*WHAT YOU HAVE TO DO:* A verbatim copy of the lines starting at the one with "Dimensions: 58″H x 8″W" and ending at the last line below is required; include nothing else.

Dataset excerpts

==*==

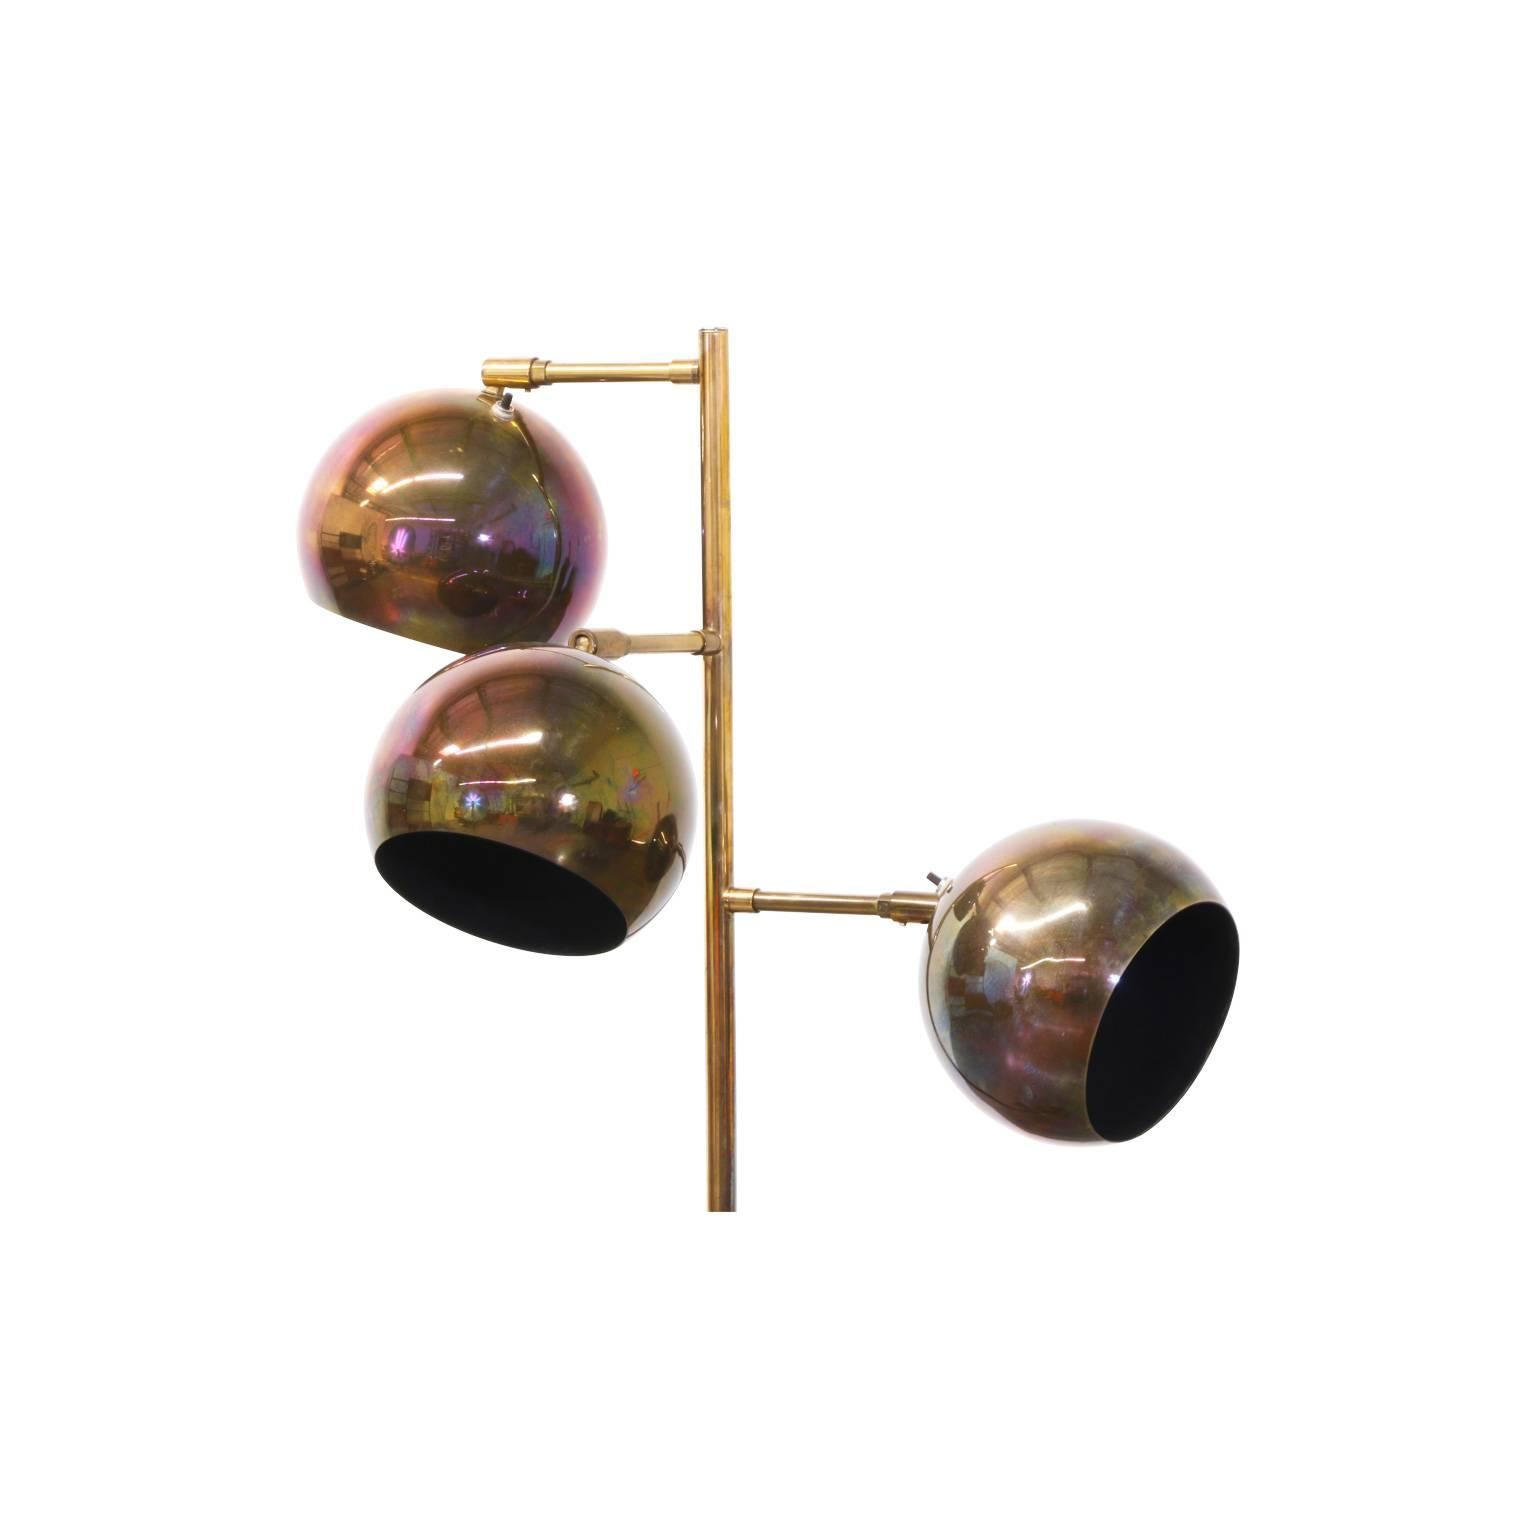 Designer: Koch & Lowy
Manufacturer: Koch & Lowy
Period/Style: Mid Century Modern
Country: United States
Date: 1970’s

Dimensions: 58″H x 8″W
Materials: Brass
Condition: Shows patina from age & use
Number of Items: 1
ID Number: 1715

==*==

*SOLUTION FOR THIS PROBLEM:*
Dimensions: 58″H x 8″W
Materials: Brass
Condition: Shows patina from age & use
Number of Items: 1
ID Number: 1715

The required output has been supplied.